VENDOR="${SECURITY}"/redhat
install --directory --mode=755 "${VENDOR}"
install --directory --mode=755 "${VENDOR}"/true
install --directory --mode=755 "${VENDOR}"/false
# /usr/lib/jvm/java-25-openjdk/conf/security/redhat/SunPKCS11-FIPS.cfg
install --mode 644 /dev/stdin "${VENDOR}"/SunPKCS11-FIPS.cfg <<'EOF'
name = FIPS
library = ${java.home}/lib/libnssadapter.so
slot = 3
nssUseSecmod = false
attributes(*,CKO_SECRET_KEY,*)={ CKA_SIGN=true CKA_ENCRYPT=true }
EOF
# /usr/lib/jvm/java-25-openjdk/conf/security/redhat/false/crypto-policies.properties
install --mode 644 /dev/stdin "${VENDOR}"/false/crypto-policies.properties <<'EOF'
# Empty on purpose, for ${redhat.crypto-policies}=false
EOF
# /usr/lib/jvm/java-25-openjdk/conf/security/redhat/true/crypto-policies.properties
install --mode 644 /dev/stdin "${VENDOR}"/true/crypto-policies.properties <<'EOF'
#
# Apply the system-wide crypto policy
#
include /etc/crypto-policies/back-ends/java.config
#
# Apply the FIPS-specific security properties, if needed
#
include ../${__redhat_fips__}/fips.properties
EOF
# /usr/lib/jvm/java-25-openjdk/conf/security/redhat/crypto-policies.properties
install --mode 644 /dev/stdin "${VENDOR}"/crypto-policies.properties <<'EOF'
#
# Default choice for the crypto-policies setup
#
include true/crypto-policies.properties
EOF
# /usr/lib/jvm/java-25-openjdk/conf/security/redhat/false/fips.properties
install --mode 644 /dev/stdin "${VENDOR}"/false/fips.properties <<'EOF'
# Empty on purpose, for when FIPS is disabled.
EOF
# /usr/lib/jvm/java-25-openjdk/conf/security/redhat/true/fips.properties
install --mode 644 /dev/stdin "${VENDOR}"/true/fips.properties <<'EOF'
#
# Enable the downstream-patch RedHatFIPSFilter code
#
__redhat_fips_filter__=true
#
# FIPS mode Security Providers List
#
security.provider.1=SunPKCS11 ${java.home}/conf/security/redhat/SunPKCS11-FIPS.cfg
security.provider.2=SUN
security.provider.3=SunEC
security.provider.4=SunJSSE
security.provider.5=SunJCE
security.provider.6=SunRsaSign
security.provider.7=XMLDSig
security.provider.8=
# ^ empty on purpose, to finish the Providers List
#
# FIPS mode default keystore type
#
keystore.type=pkcs12
EOF
# /usr/lib/jvm/java-25-openjdk/conf/security/redhat/fips.properties
# For now, this prevents an include cycle on JDKs that do not support
# ${__redhat_fips__}. In the future the goal is for it be overwritten
# (based on /proc/sys/crypto/fips_enabled) at FIPS configuration time
# (by fips-mode-setup or by grubby), at RPM install time by a
# post-install hook, and/or during boot by a systemd oneshot service.

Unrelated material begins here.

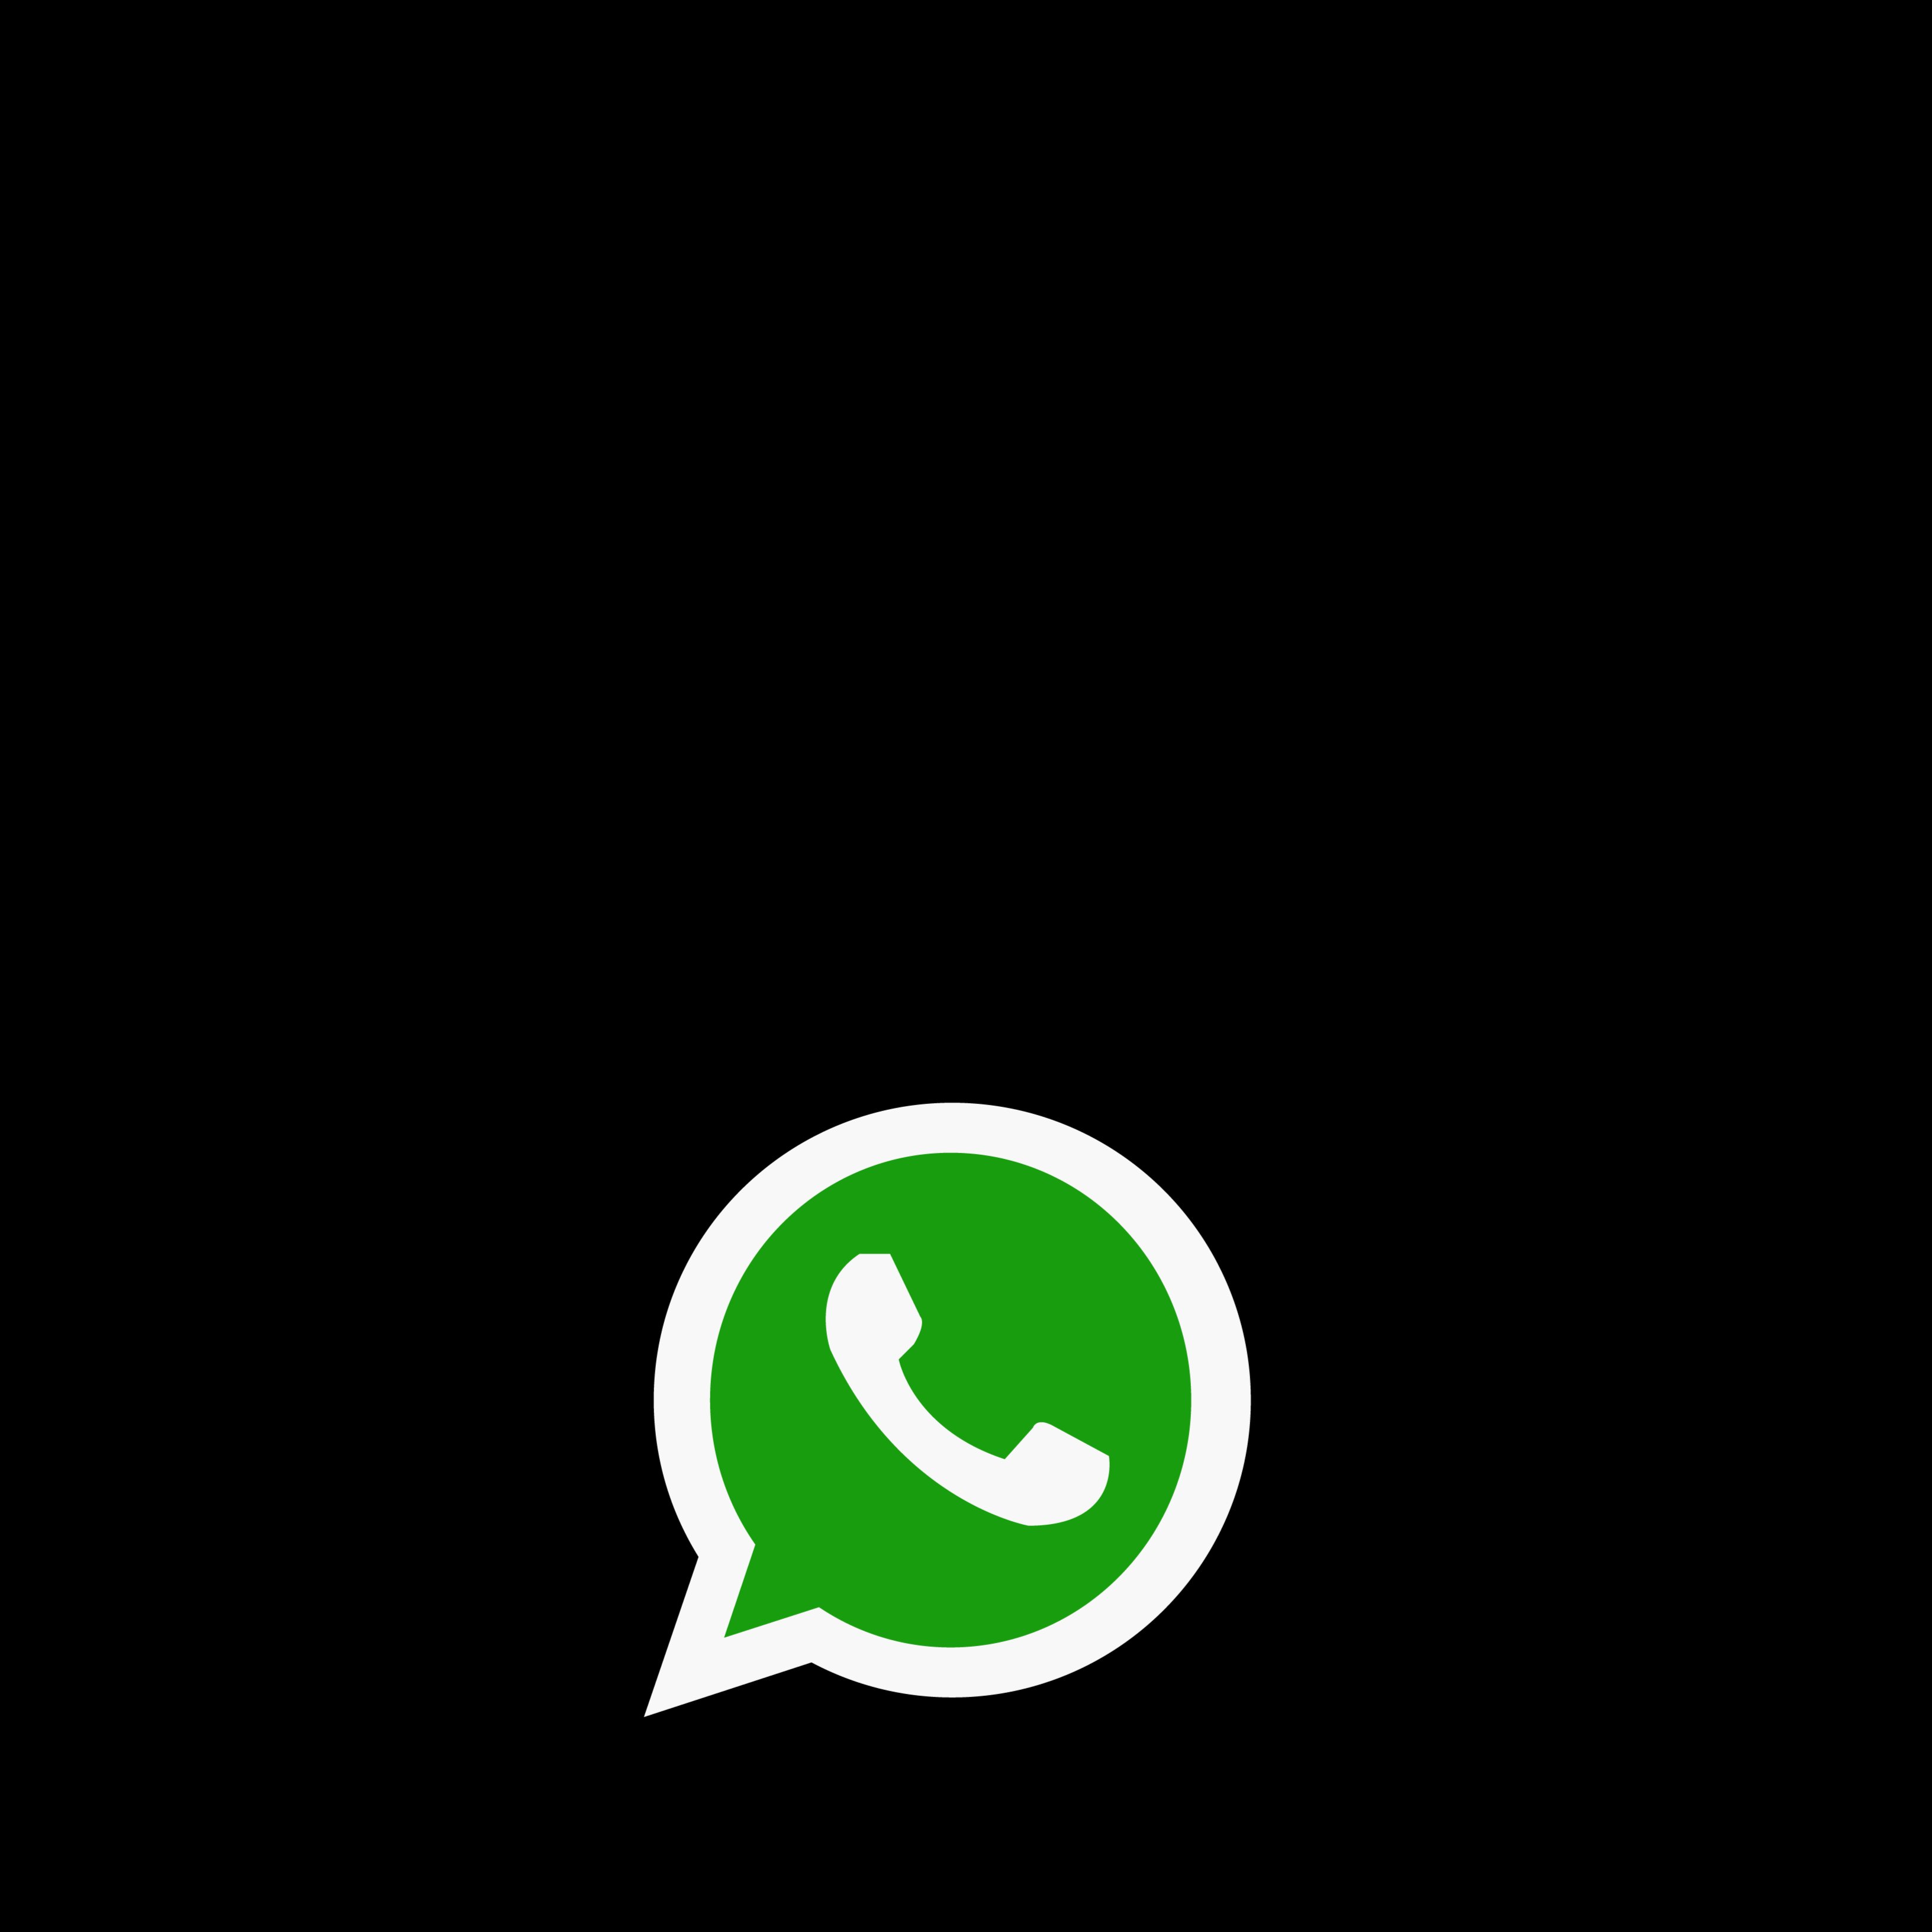 WhatsApp permite proteger chats concretos

install --mode 644 /dev/stdin "${VENDOR}"/fips.properties <<'EOF'
include false/fips.properties
EOF
cat >> "${SECURITY}"/java.security <<'EOF'
#
# System-wide crypto-policies and FIPS setup
#
# The following crypto-policies setup automatically detects when the system
# is in FIPS mode and configures OpenJDK accordingly. If OpenJDK needs to
# ignore the system and disable its FIPS setup, just disable the usage of
# the system crypto-policies, by any of the methods described below.
#
# The redhat.crypto-policies system property is a boolean switch that
# controls the usage on a per-run basis. For example, pass
# -Dredhat.crypto-policies=false to disable the system crypto-policies.
#
# This setup consists of the following files in $JAVA_HOME/conf/security:
#
# 'redhat/false/crypto-policies.properties' (policies usage disabled file)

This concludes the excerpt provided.